Bin Said began to introduce women as his front-runners to lead his economic overhaul and expansion.

Fast forward to present day, and the 3.5 million citizens share an enviable prosperity, women have training and career opportunities equal to men, traditional culture and Muslim religious practices are honored, and international differences are respected. Better yet, bin Said has chosen a woman to head the new Ministry of Tourism - Oman's new economic powerhouse.

I am beginning to notice a trend after my latest research into Oman. I am finally beginning to understand, from a culmination of my international business courses (a majority of which coming from my research on the Middle East), intercultural communication training, and overseas experience, that globalization has nearly reached its peak in world affairs. This globalizing trend, comprised of a migration of ideas, individuals, education, language and commerce are affecting every area of our small world. From Rwanda to Oman to Siberia to Abu Dhabi, billions upon billions of the earth's citizens are becoming more and more dependant on one another. The trend, however, that I am noticing is a combination of the keen competitive advantage factor and the assimilation of cultural differences across international borders. Individuals in every reach of society are slowly, but surely, beginning to realize the importance of incorporating the world's accepted ideas and perspectives with expansion within their own societies, traditional cultures, businesses and governments. In order to be accepted, and at least considered, by the international community, an entity such as a government or a corporation must adapt, reformat and include. It is inevitable that the world will only continue to become smaller, flatter (term keyed by Thomas Freidman) and more accessible by a majority of its inhabitants.

The nations of the "Other Middle East" have recognized this trend, and jumped on before it has gotten too late. Other nations, such as Saudi Arabia, have held on firmly to their roots, specifically religious traditions. They are a very conservative nation, barely allowing women to enter the general work force. This has not only unfortunately tarnished their international image by not treating every member of society as equals, but forbade many multinational companies from penetrating this market, thus preventing many potentially lucrative investment opportunities.

We individuals who have been exposed to this international community, worked with "foreigners," witnessed the differences, begun to accept them and adapt to them understand that as other nations will not allow certain things, we likewise have to be wary of upsetting or offending them with our apathy and ignorance. As universal understanding becomes more prevalent, differences will become more relevant and noticeable, but I feel that with such channels and resources like the Internet, we will witness a general acceptance by a majority of individuals in our world. Wars are inevitable, and some people will never emerge from their "bubbles," but that is another story. This may happen many decades, or centuries into the future, but we are truly witnessing the one of the largest transitions of global understanding in history.
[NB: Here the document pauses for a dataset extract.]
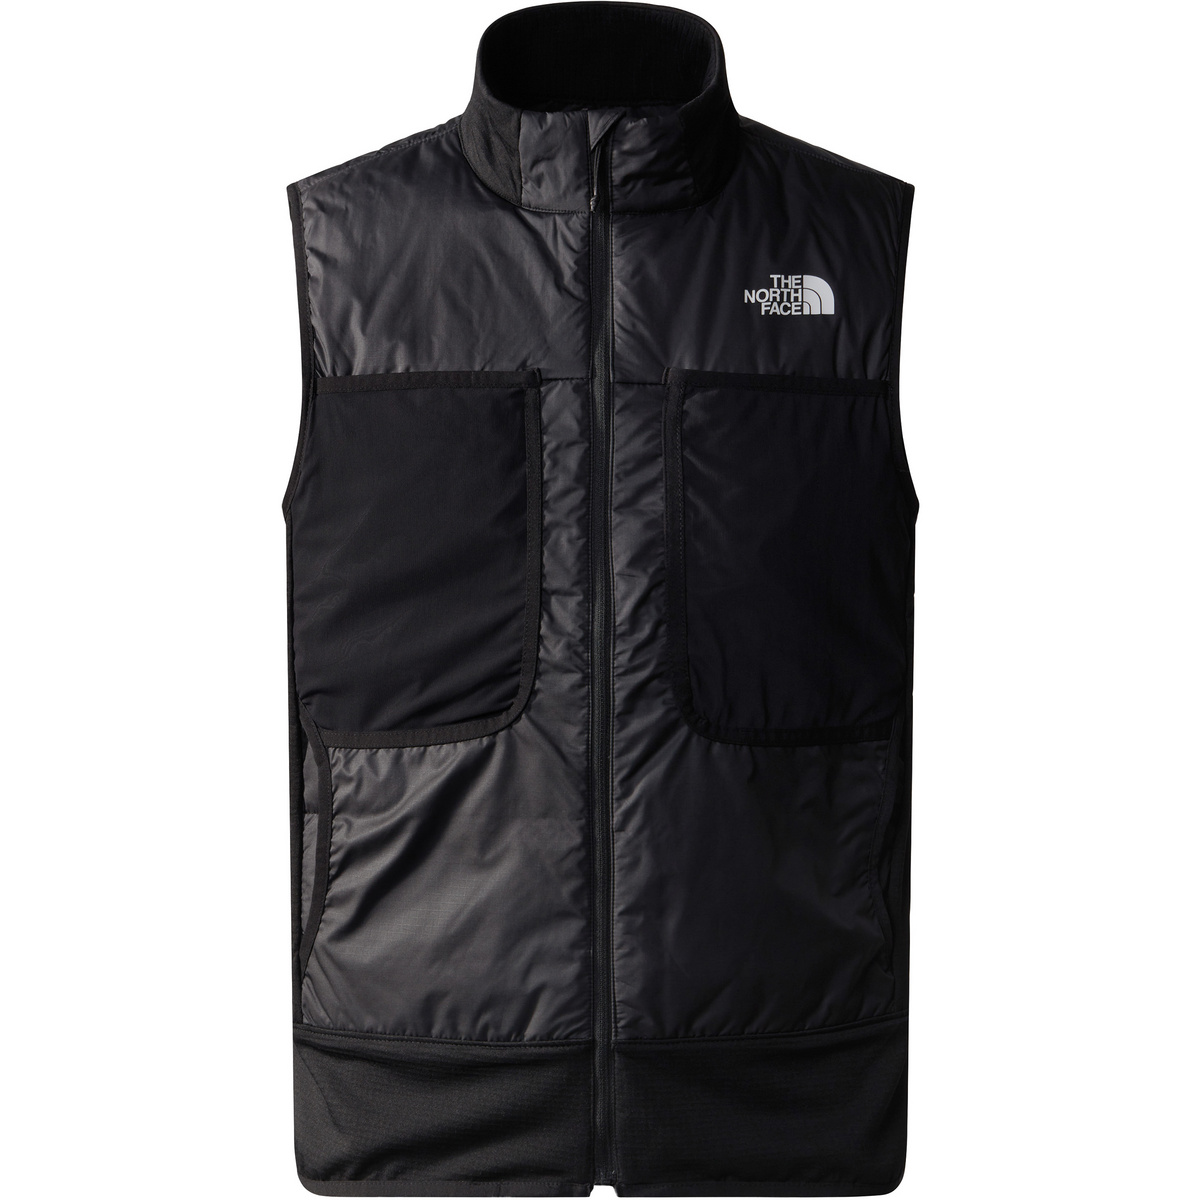 Image of The North Face Uomo Gilet Winter Warm Pro
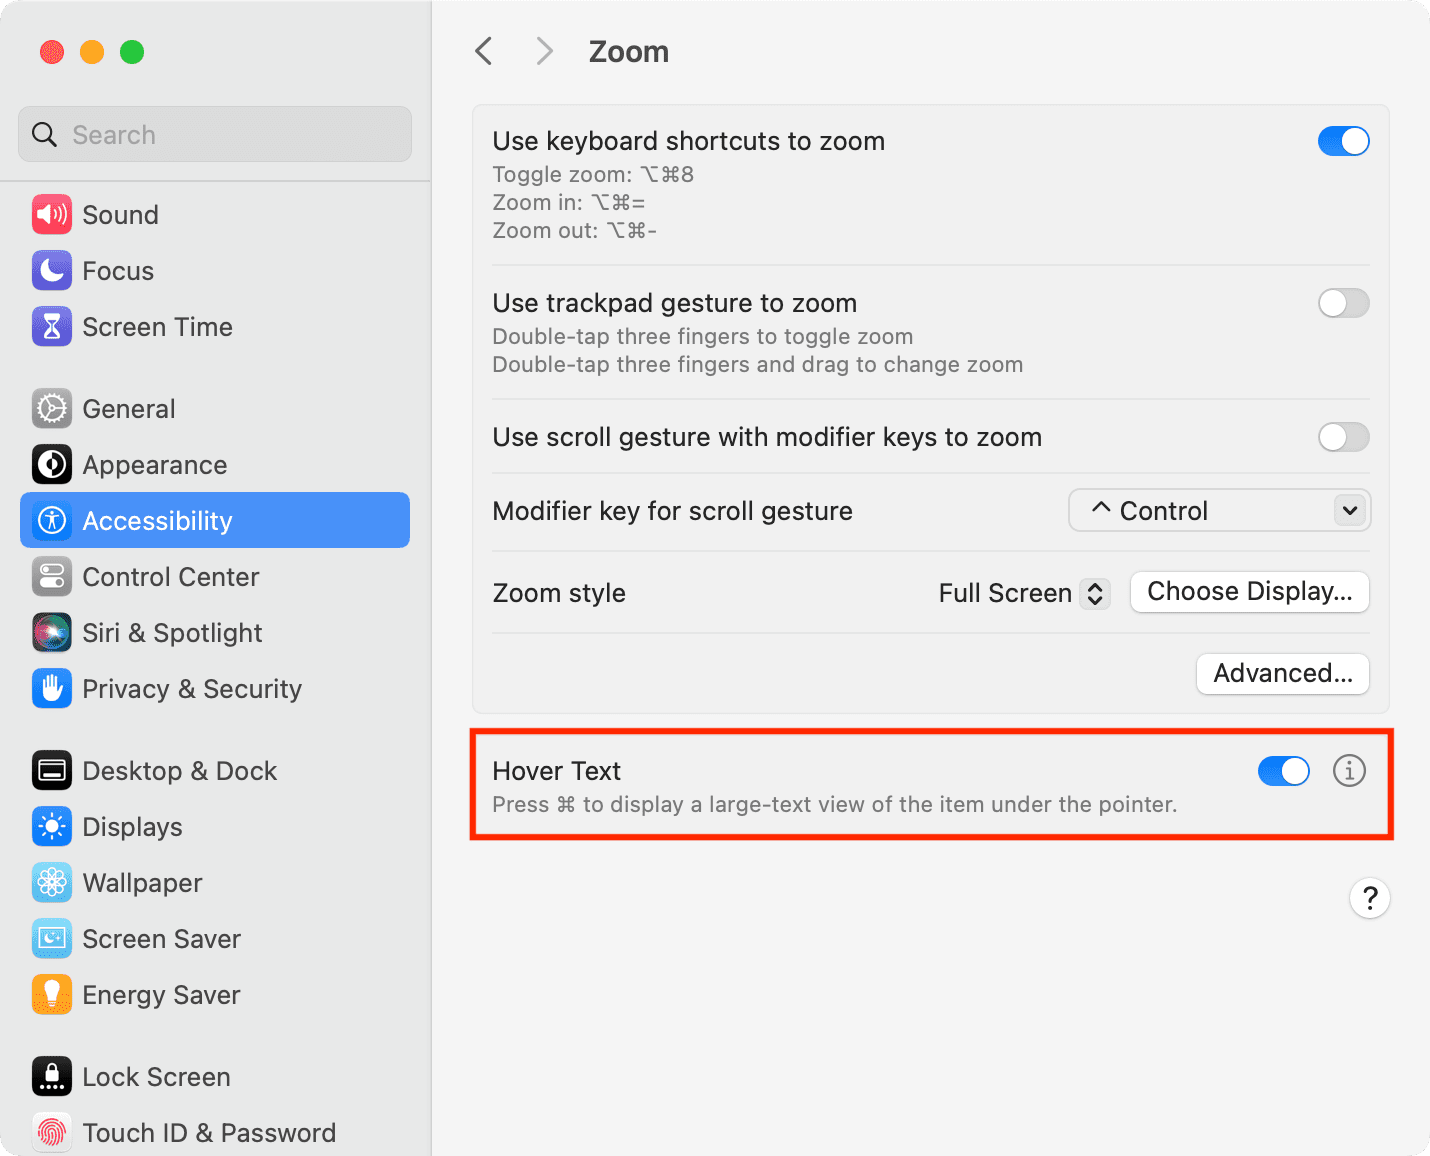 Hover Text in Zoom Accessibility settings on Mac

With that tangent tackled and off of my mind, I would like to re-introduce Oman in all of it's glitz an glamor. Virtually every ambitious Omani has gone abroad to study, work and live, only to return to their homeland with a better understanding of the world, its cultures and exactly what people want. With Oman's oil reserves virtually tapped, their tourism industry is on the rise, and is their dominant economic sector. Historic Muscat, the nation's capital, is bustling with visitors from every reach of the globe. Europeans are attracted to the grandeur of the capital's castles, only to rest their heads in one of the 2 dozen 5 star hotels.

Just as bin Rashid Maktoum did in Dubai, bin Said has realized the tremendous economic potential by basing his national economy on the justice and principles of a free economy. Bin Said has done such a tremendous job in transforming the face of his nation's economic stance. He began in 1970, introduced a basic 5-year plan to introduce new facets of the economy. Then in 1995, he held a conference titled "Vision Conference: Oman 2020." This 25 year plan outlined his economic goals for Oman, including the reshaping of the role of the government in the economy, the broadening of private sector participation, diversification of the economic base and sources of income, and to ultimately globalize the Omani economy as much as possible. He even posted a 15% raise in worker's salaries, placing
Oman in the category of high-medium income countries of the world. It is tremendous economic plans and historic transformations such as this that nations across the world are in dire need of. As risky as they may be, they are almost necessary to keep up with and compete with today's global economies.

In the coming decades, we will certainly witness a shift in economic power, mainly (middle) East, and far East. Oman is a prime example of a successful step, one which has the next 12 years of its economic life planed out and molded perfectly for economic success.

Dubai World: An International "Dubai-ification"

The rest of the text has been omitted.